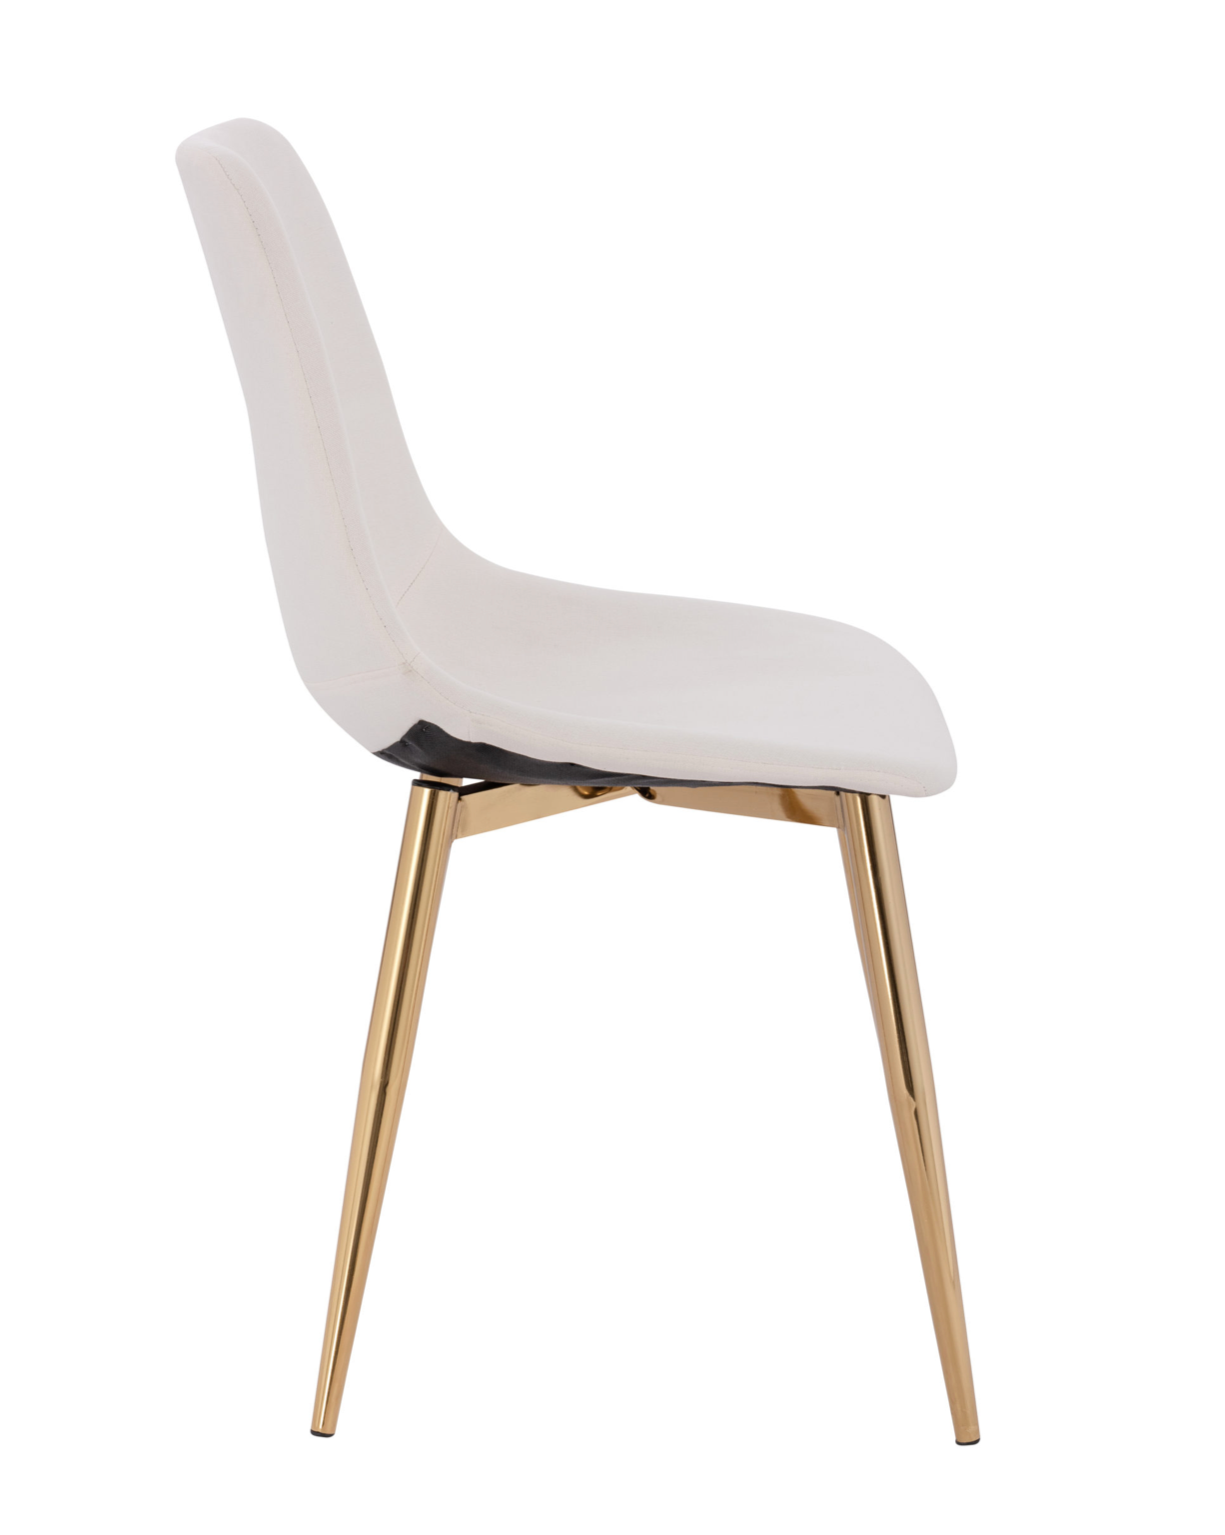 Dorian Linen Chair
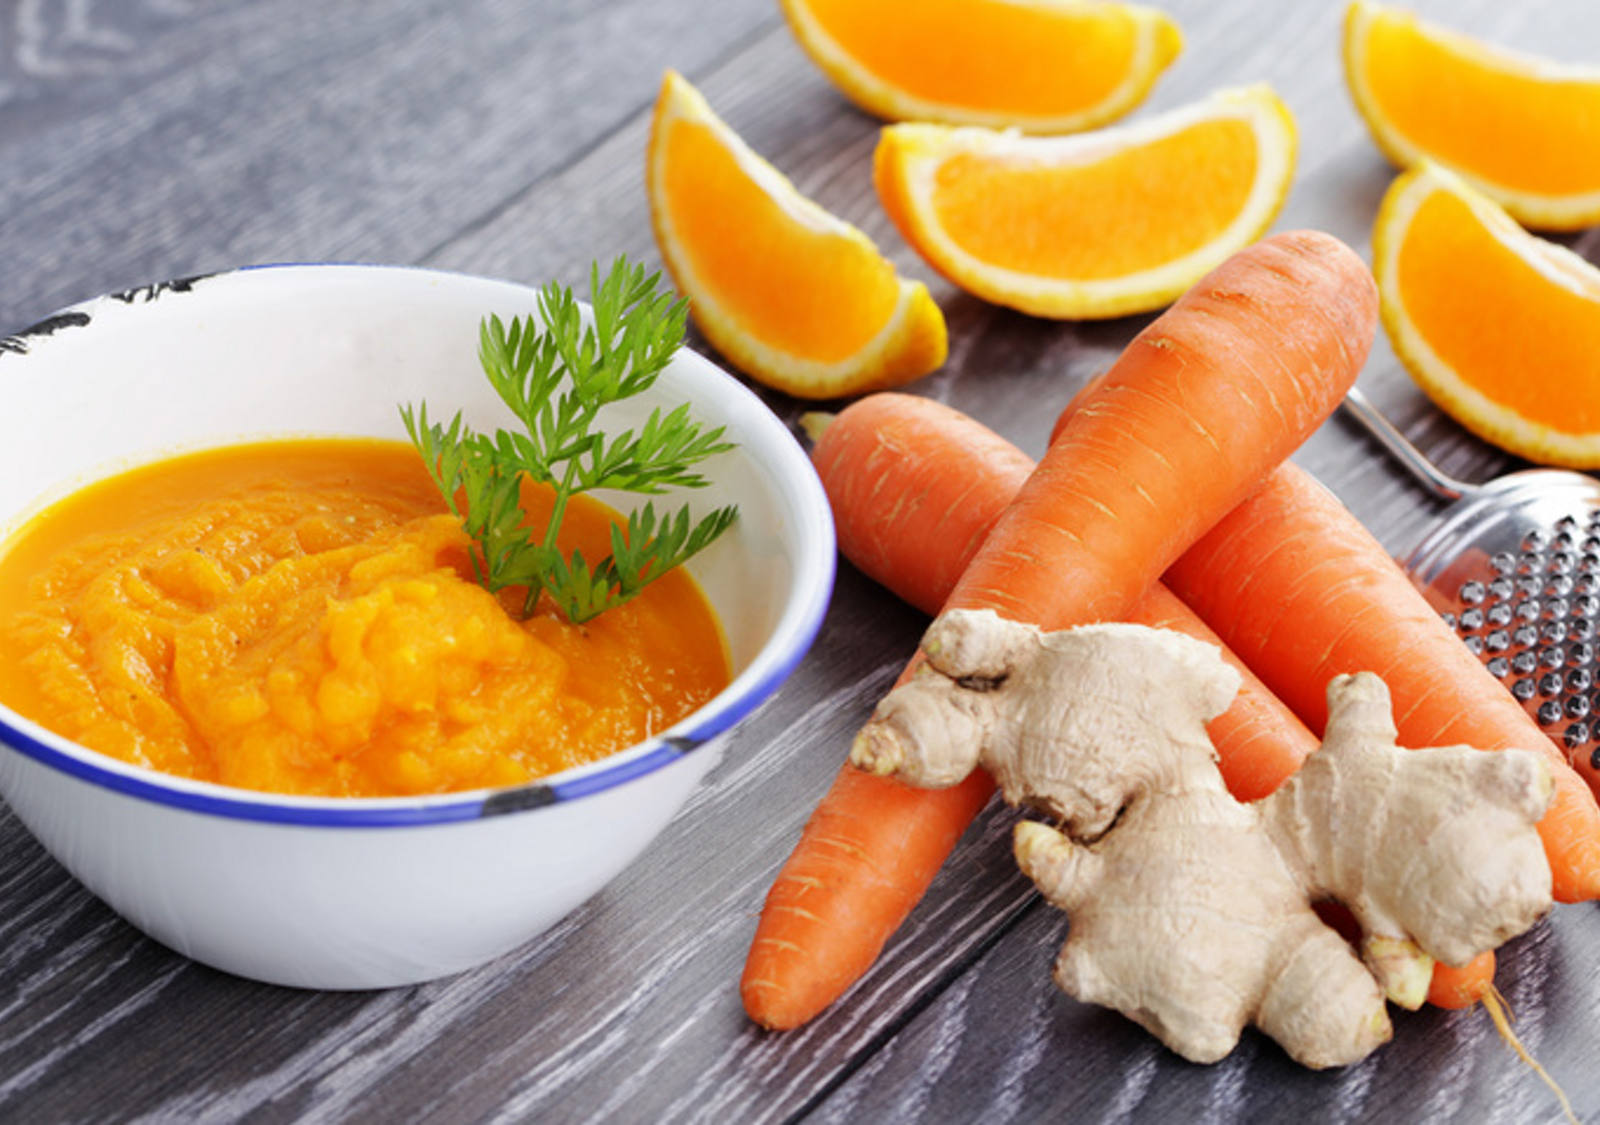 Zuppa di carote e zenzero
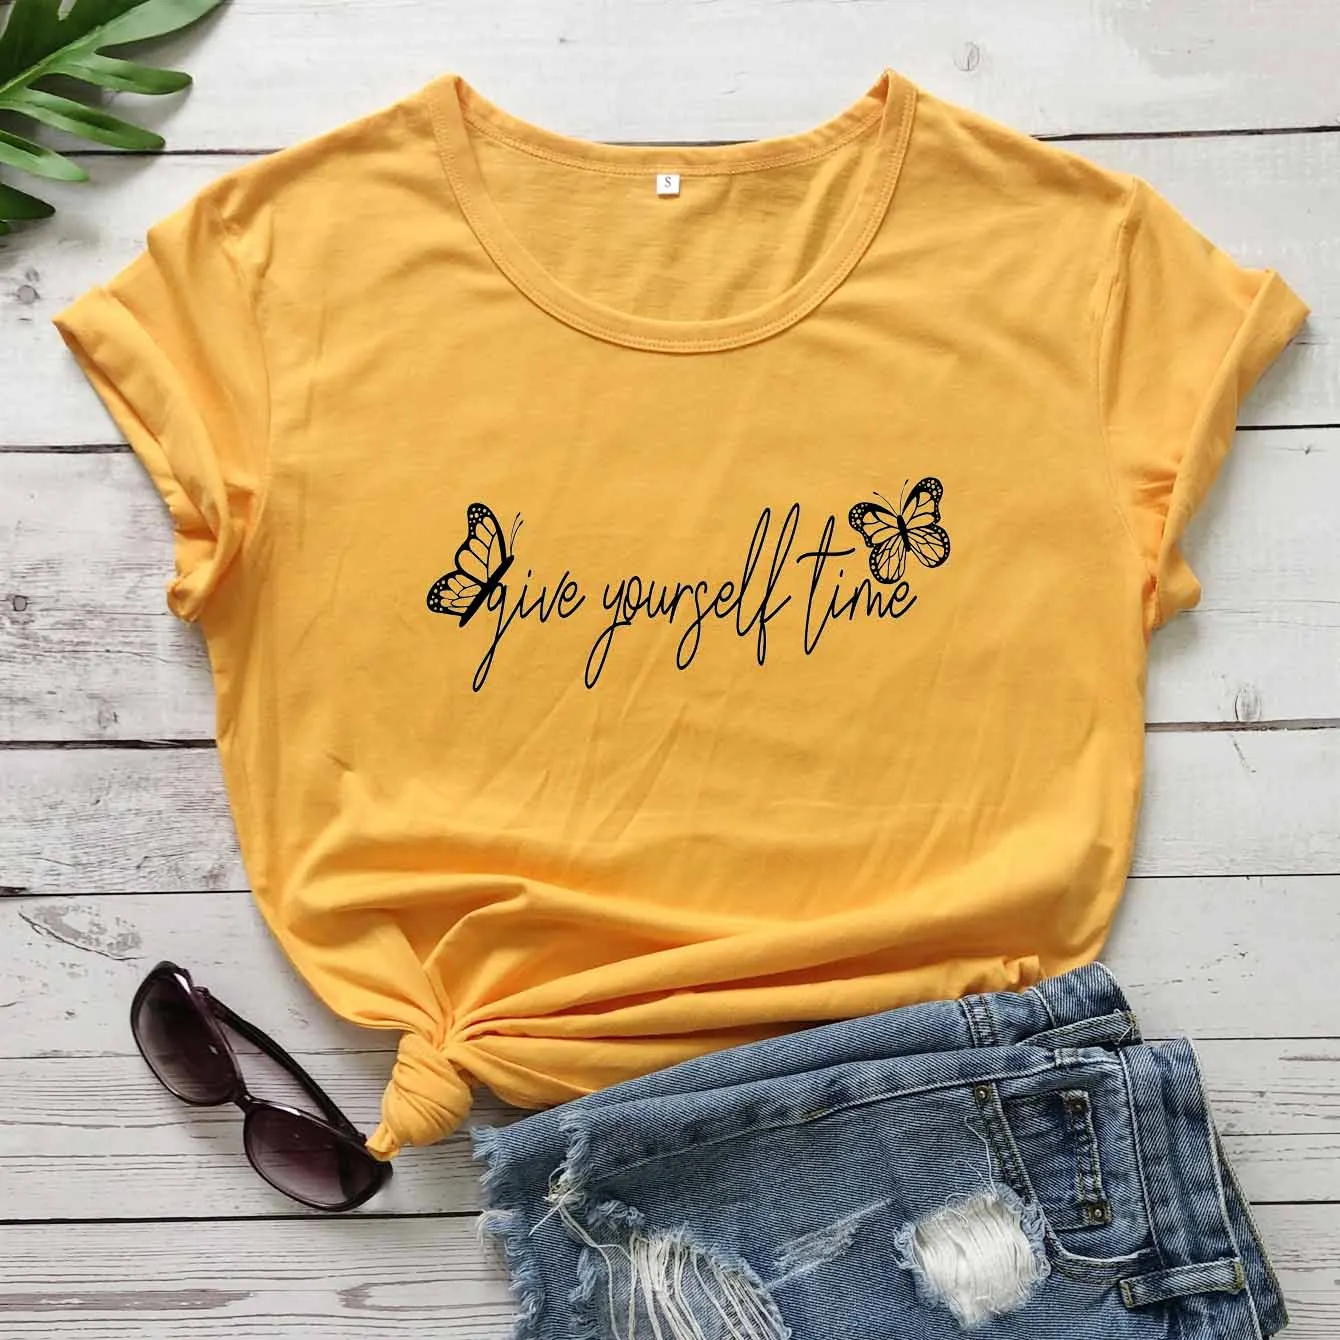 

Повседневная футболка с надписью «Дайте себе время», стиль унисекс, с бабочкой, из чистого хлопка, Молодежные хипстерские винтажные футболк...

● PROBLEM TO SOLVE
From the first line to the last, copy the listing above exactly, dropping all images.

● RESULT FOR THIS EXERCISE
 Dorian Linen Chair
 Zuppa di carote e zenzero

Повседневная футболка с надписью «Дайте себе время», стиль унисекс, с бабочкой, из чистого хлопка, Молодежные хипстерские винтажные футболк...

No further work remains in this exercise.